In contemporary American mythology, the Bronx, the cradle of hip-hop, now evokes journeys at the end of the urban night and landscapes of urban desolation. Certainly, some ghettoized parts of the Bronx still have crime, especially at night, mainly due to drug trafficking. But no longer are the daily crimes and in broad daylight of the 80s and 90s, the Bronx is now a residential neighbourhood that suffers from an image that no longer really fits reality. So you won't run any risk walking around the neighborhood during the day. Moreover, in the ranking of the five most dangerous streets in New York, not one is in the Bronx (but four in Brooklyn and one in Queens).
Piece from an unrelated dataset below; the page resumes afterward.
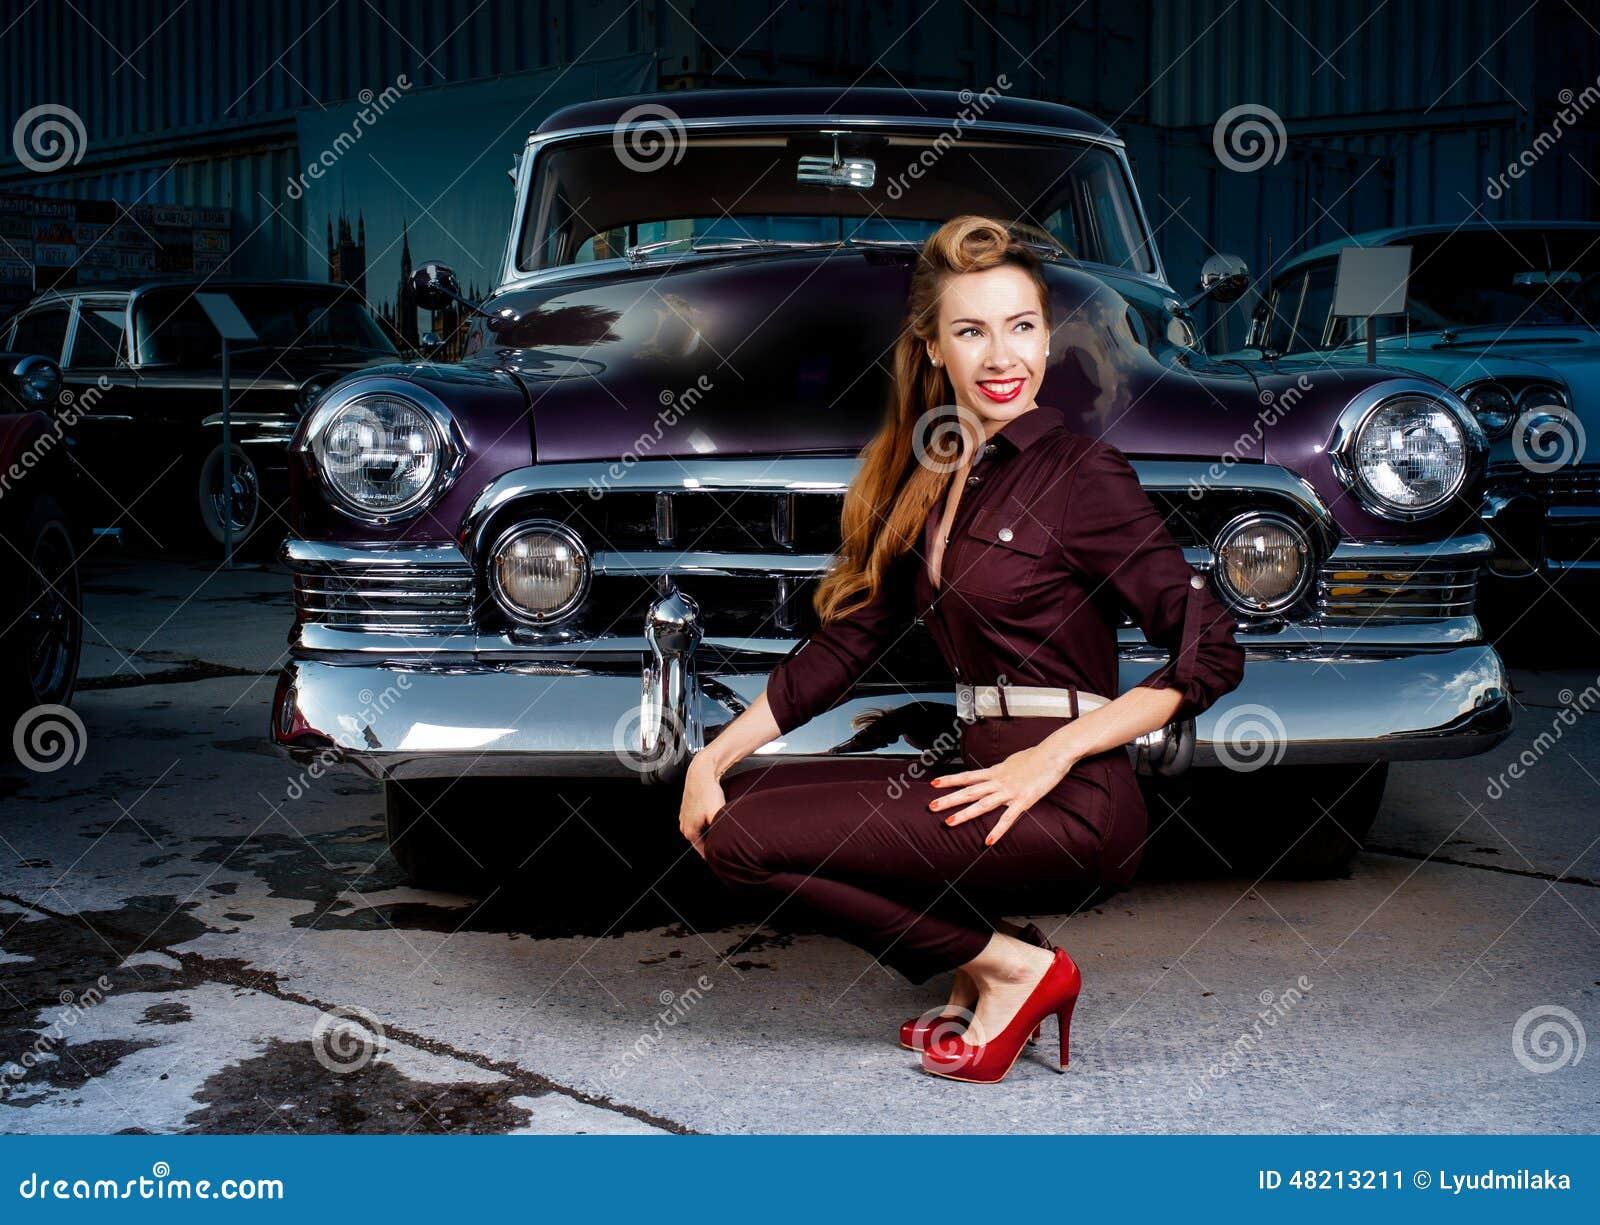 Pin Up Girl In Retro Car Stock Photo Image 48213211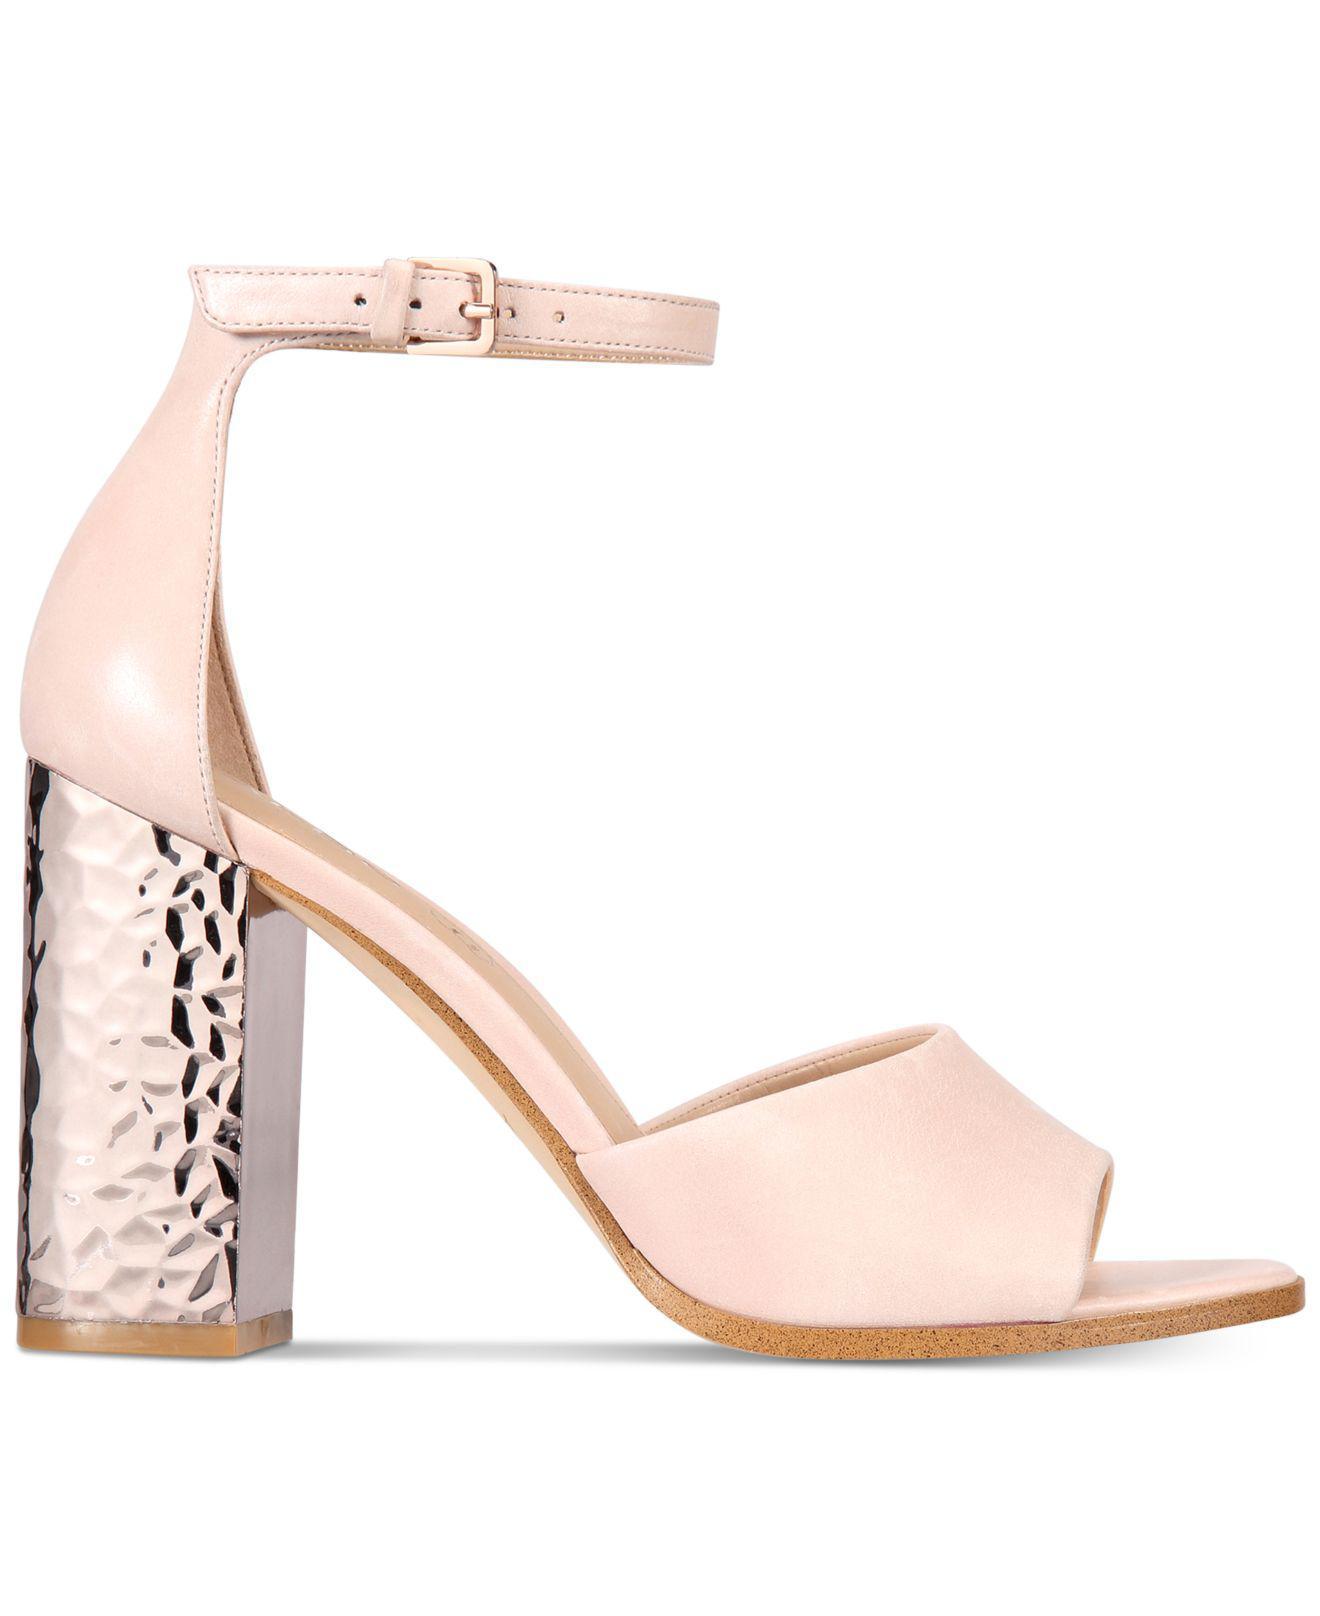 Block Women's Two Nilia Pink Piece Sandals Heel Aldo H9IbeYWED2

The only negative statistic that puts the Bronx in the lead is car thefts. However, the truth is that for the tourist, the Bronx offers little attraction, especially if you only spend a maximum of two weeks in New York. This borough, where 48% of the population is Hispanic, is however home to the world's largest zoo with a splendid botanical garden adjoining it. Sports enthusiasts can learn the rules of baseball and American football at Yankee Stadium. Despite the architectural marvels (Art Deco) that adorn the Grand Concourse, these Champs-Elysées of yesteryear, the Bronx is not a neighborhood conducive to nonchalant walks. If you don't go to the Bronx, the Bronx won't go to you... If, nevertheless, Edgar Allan Poe and the Bronx evoke mysterious affinities for you, know that the house where the accursed poet of America lived the last three years of his life, before he died insane in 1850 in Baltimore, still stands at 2460 Grand Concourse, just outside the New York City Botanical Garden, and can be visited.